Background: Acute myeloid leukemia (AML) and acute lymphoblastic leukemia (ALL)are heterogeneous hematopoietic neoplasms with poor outcomes, their diagnosis require holistic integration of clinical history, morphology, immunophenotype and cytogenetic/molecular genetic analysis.The diagnosis of AML and ALL in Colombia, a middle-income country has significant challenges due to delays in diagnosis confirmation, which can range from 9 to 24 days, or even longer in areas with limited access to healthcare services with negative impacts in the patient's outcomes. Images analysis throw deep learning using vision transformers techniques can be affordable strategies for developing diagnosis support models for acute leukemias. This study aims to present results of an Artificial intelligence (AI)-based model to differentiate myeloblasts from lymphoblast.

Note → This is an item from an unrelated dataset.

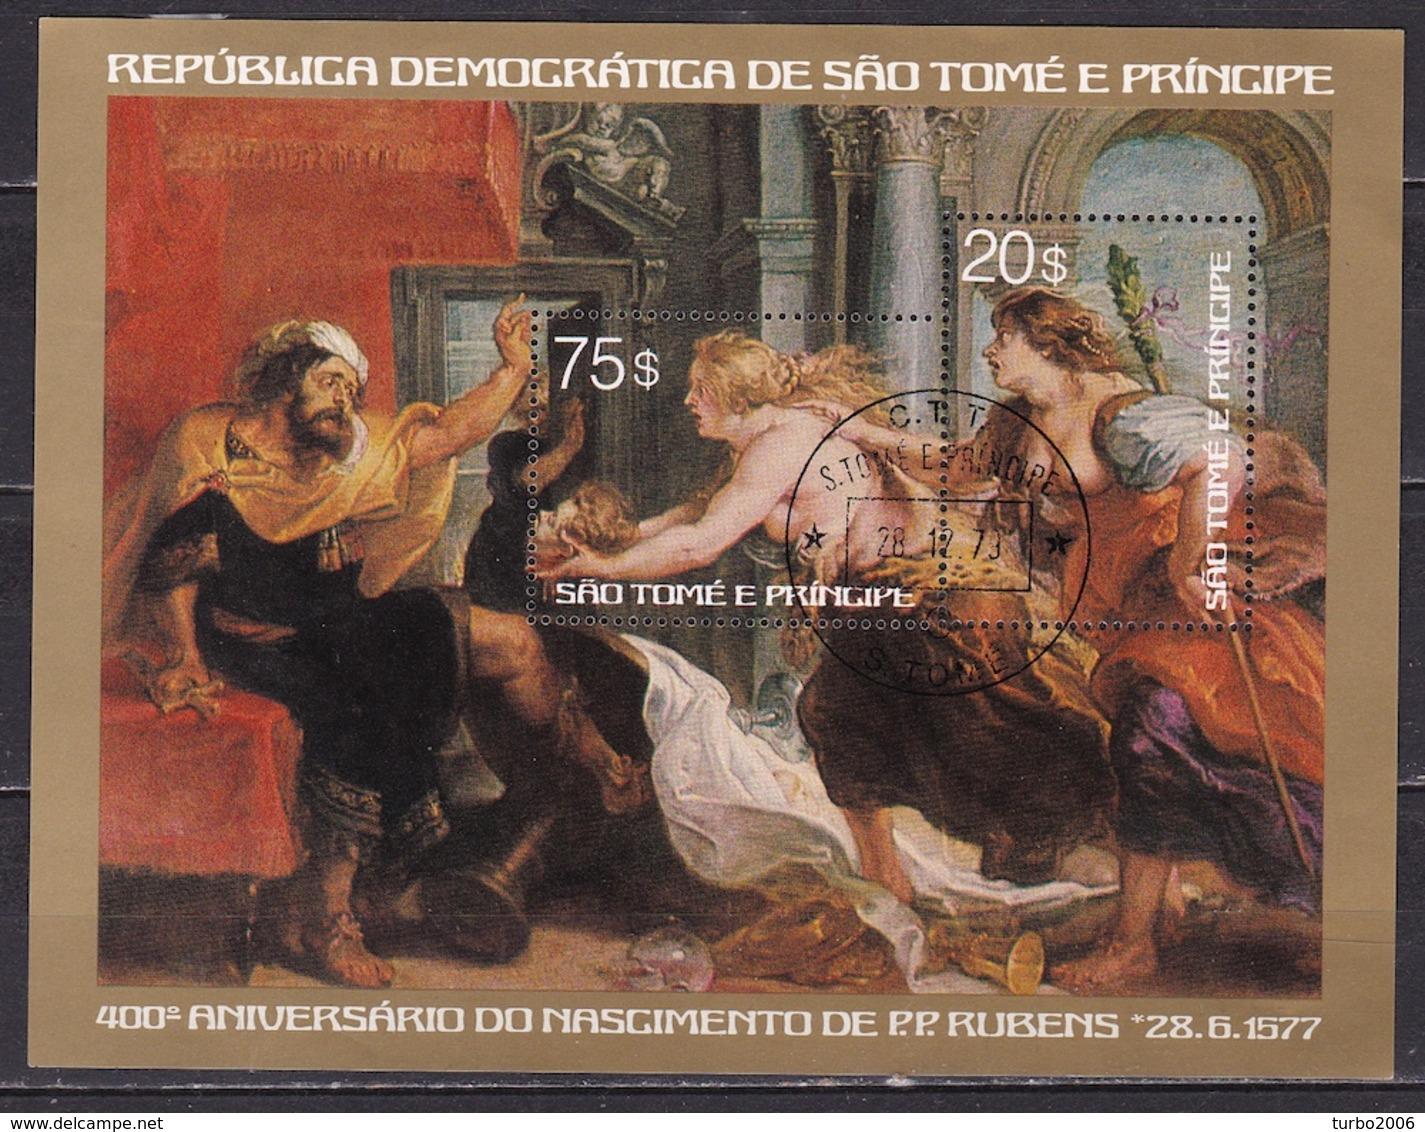 1979 Sao Tomé E Principe 400 Years P.P. Rubens Block With Stamps $ 20-75 - Sao Tome En Principe
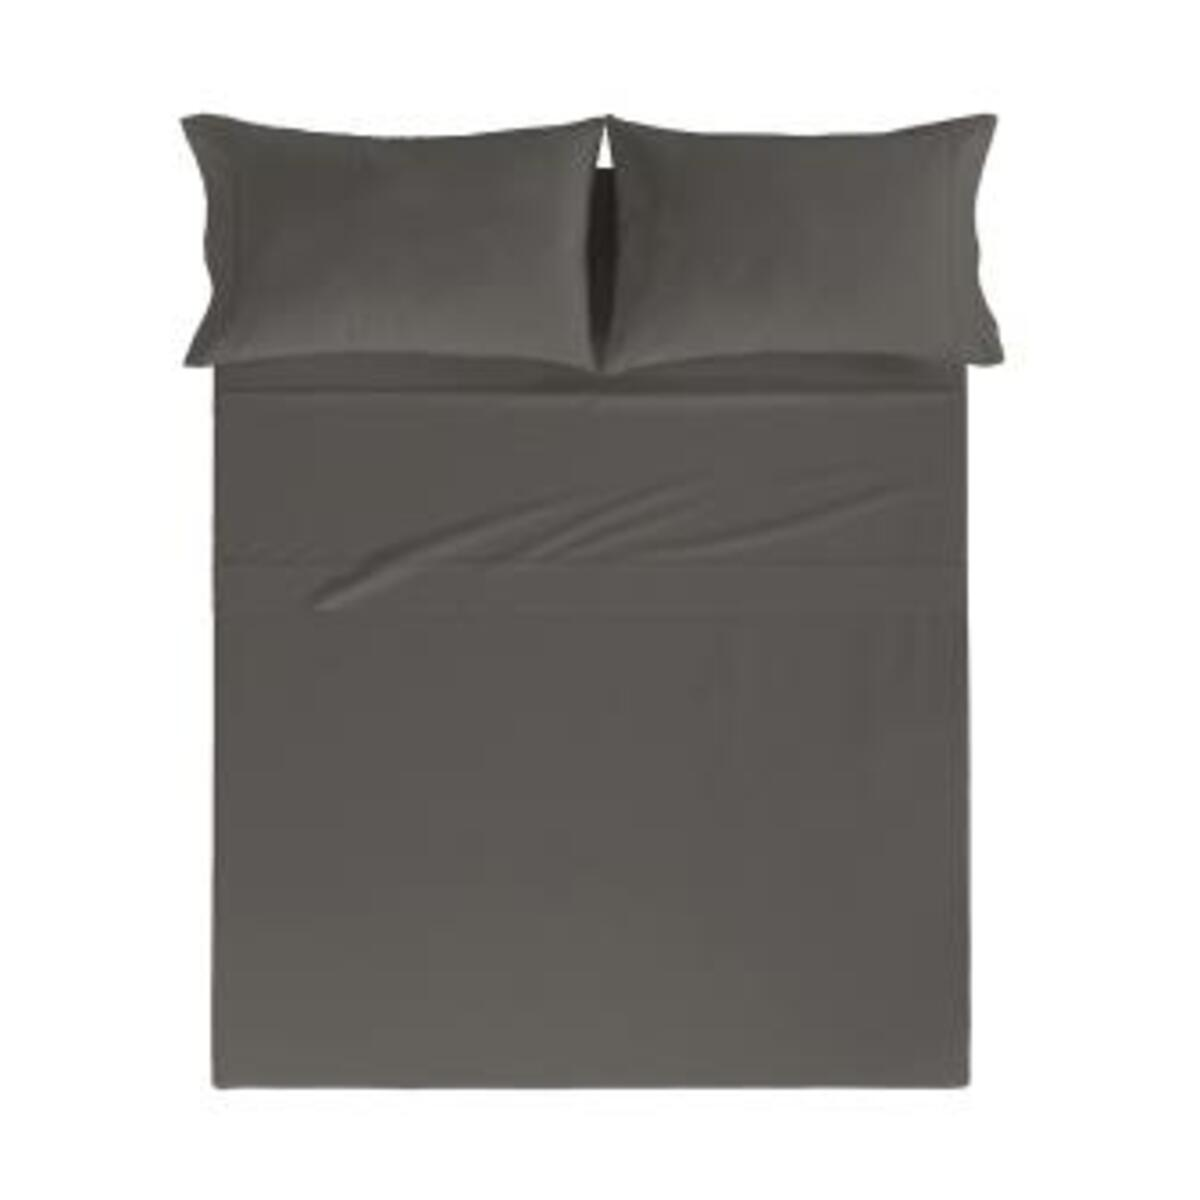 Drap de lit en coton percale anthracita 160x280

Methods: This was a retrospective, diagnosis study conducted in the Hospital de San Jose in Bogotá analyzing bone marrow smears of 24 acute myeloid leukemia, 19 acute lymphoblastic leukemia and 5 acute promyelocytic leukemia (APL) cases attended between 2021 and march 2025. Clinical information of adult patients (≥18 years) diagnosed with AML, ALL and APL was analyzed including demographics, disease diagnosis, treatment and outcome data. The bone marrow smears of the cases were scanned with high resolution scanner Ventana DP200, then those samples were manually annotated in the QuPath software and curated by two expert morphologists. Then images were processed to enhance visual characteristics like high definition preserving their distinctive features. A Phyton-based code was developed for the recognition of blast cells, emphasizing in differentiation between myeloblasts and lymphoblasts using PyTorch library. A second task, the classification of acute promyelocytic leukemia (APL) cases from other AML cases was also analyzed. Five models were trained, two of them based on vision transformers (ConvNeXt Small/Large and Swin Transformer Tiny) and the other three models based on convolutional neural networks (EfficientNet-B0, VGG16 and ResNet50). Evaluation was performed with the validation set. Descriptive statistics, accuracy metrics and area under the curve (AUC-ROC) are reported.

Results: The median age at diagnosis was 53±16 years (range, 26-80) in AML, 40±18 (range, 20-76) years for ALL, and 53±16 years for APL, with a predominance of males (75% in AML cases, 57% in ALL cases and 80% en APL cases). At diagnosis, hyperleukocytosis was present in 42% of ALL cases. A total of 5454 images from AML and 4689 from ALL were used for training; 606 images from AML and 522 from ALL for validation. The best accuracy for morphological differentiation between myeloblasts and lymphoblast was performed by the models based on vision transformers, the ConvNeXt small model showed 99.67% sensitivity, 98.58% specificity, 99.02% value predictive positive and 99.61% negative predictive value with an AUC-ROC of 0.998. The models EfficientNet B0 and ConvNeXt Small were the least accurate for the differentiation of APL whereas models like ConvNeXt Large, which has a higher-capacity architecture achieved a 64.58% accuracy and an AUC-ROC of 0.9407.

Conclusions: The results obtained in this study show that the AI-based bone marrow morphological analysis system can be a tool for the successful differentiation of myeloblasts and lymphoblasts, specially implementing vision transformers-based models. Large-scale validation studies are warranted to further validate the clinical utility of this system.